Let $F:\mathbb R^3 - \{0\}\to \mathbb R$ be given by $$F(x,y,z)=\frac{(0,xz,-xy)}{(y^2+z^2)\sqrt{x^2+y^2+z^2}}.$$ Compute $\int_C F\cdot ds$ where $C$ is the unit cirlce on the plane $x+y+z=3$ with the orientation from the point $$\left(1-\frac{1}{\sqrt{6}},1-\frac{1}{\sqrt{6}}, 1+\frac{2}{\sqrt{6}}\right)$$ to $$\left(1-\frac{1}{\sqrt{6}}, 1+\frac{2}{\sqrt{6}}, 1-\frac{1}{\sqrt{6}}\right)$$ to $$\left(1 + \frac{2}{\sqrt{6}}, 1-\frac{1}{\sqrt{6}}, 1-\frac{1}{\sqrt{6}}\right)$$ and back to $$\left(1-\frac{1}{\sqrt{6}},1-\frac{1}{\sqrt{6}}, 1+\frac{2}{\sqrt{6}}\right)$$
What I've done: By Green's theorem, the integral is $$\iint_D \operatorname{curl}(F)\cdot k\ dA$$ I got that the curl is $$\frac{(x,y,z)}{(x^2+y^2+z^2)^{3/2}}$$ so the integral is $$\int\int_D \frac{z}{(x^2+y^2+z^2)^{3/2}} \ dA$$ But I'm having difficulties with determining how to define the region $D$ to compute the last integral.

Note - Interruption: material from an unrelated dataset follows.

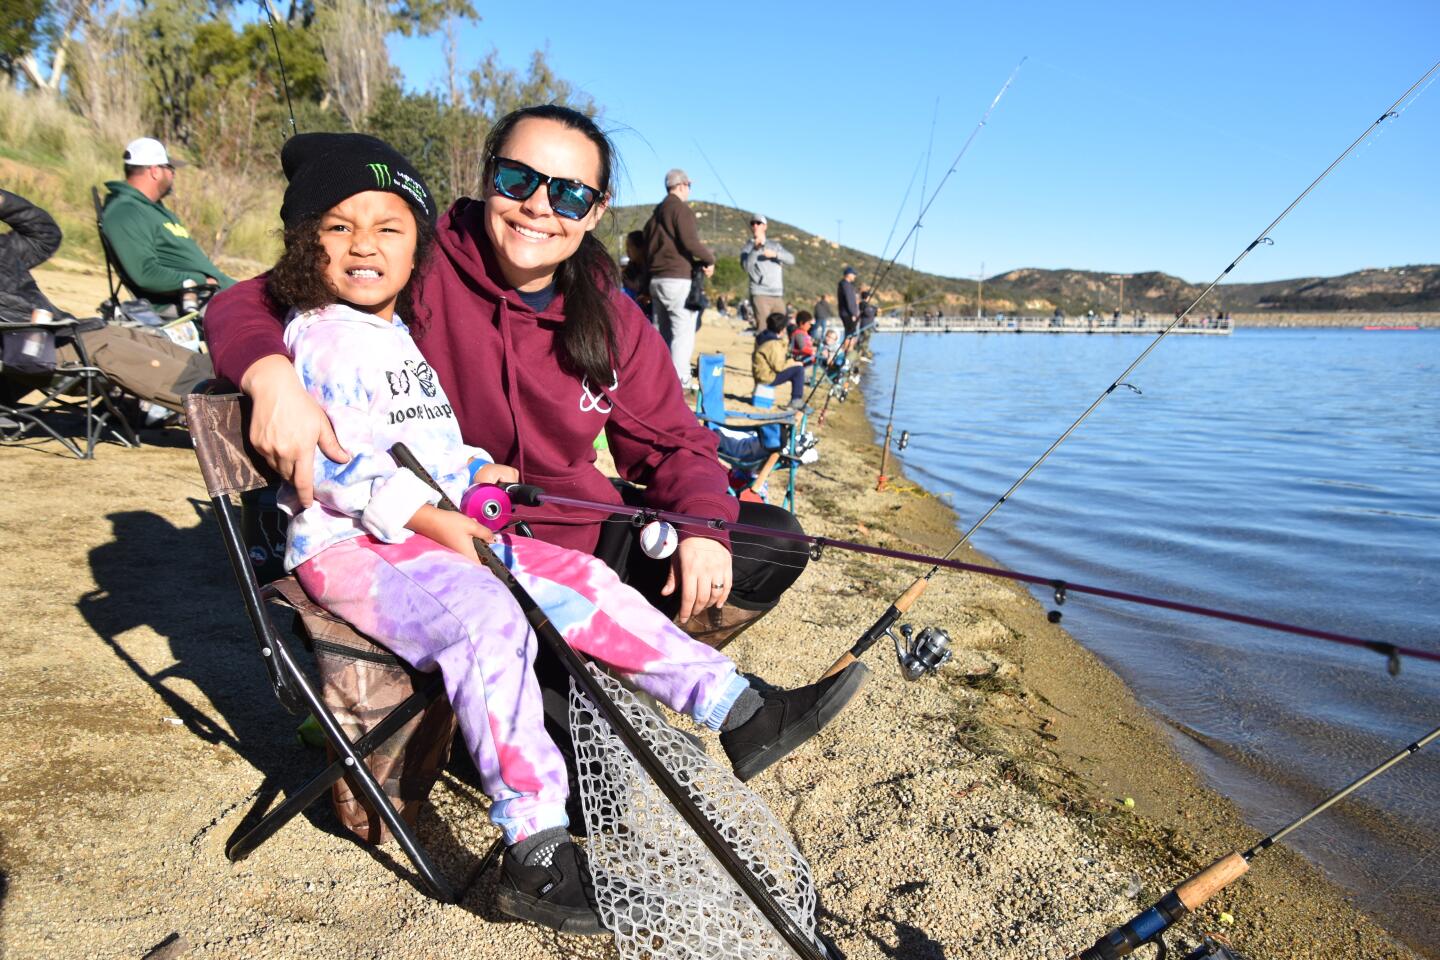 About 400 kids enjoy a day at Lake Poway for fishing derby - Pomerado News

Obviously $D$ is a disk of radius $1$ in the given plane. You just need to find it's origin. The format of the given points on the circle hints that the center is $(1,1,1)$, which you can verify.
I would do a change of variables, to some $X,Y,Z$ such that $X,Y$ are in the plane, then $Z=0$.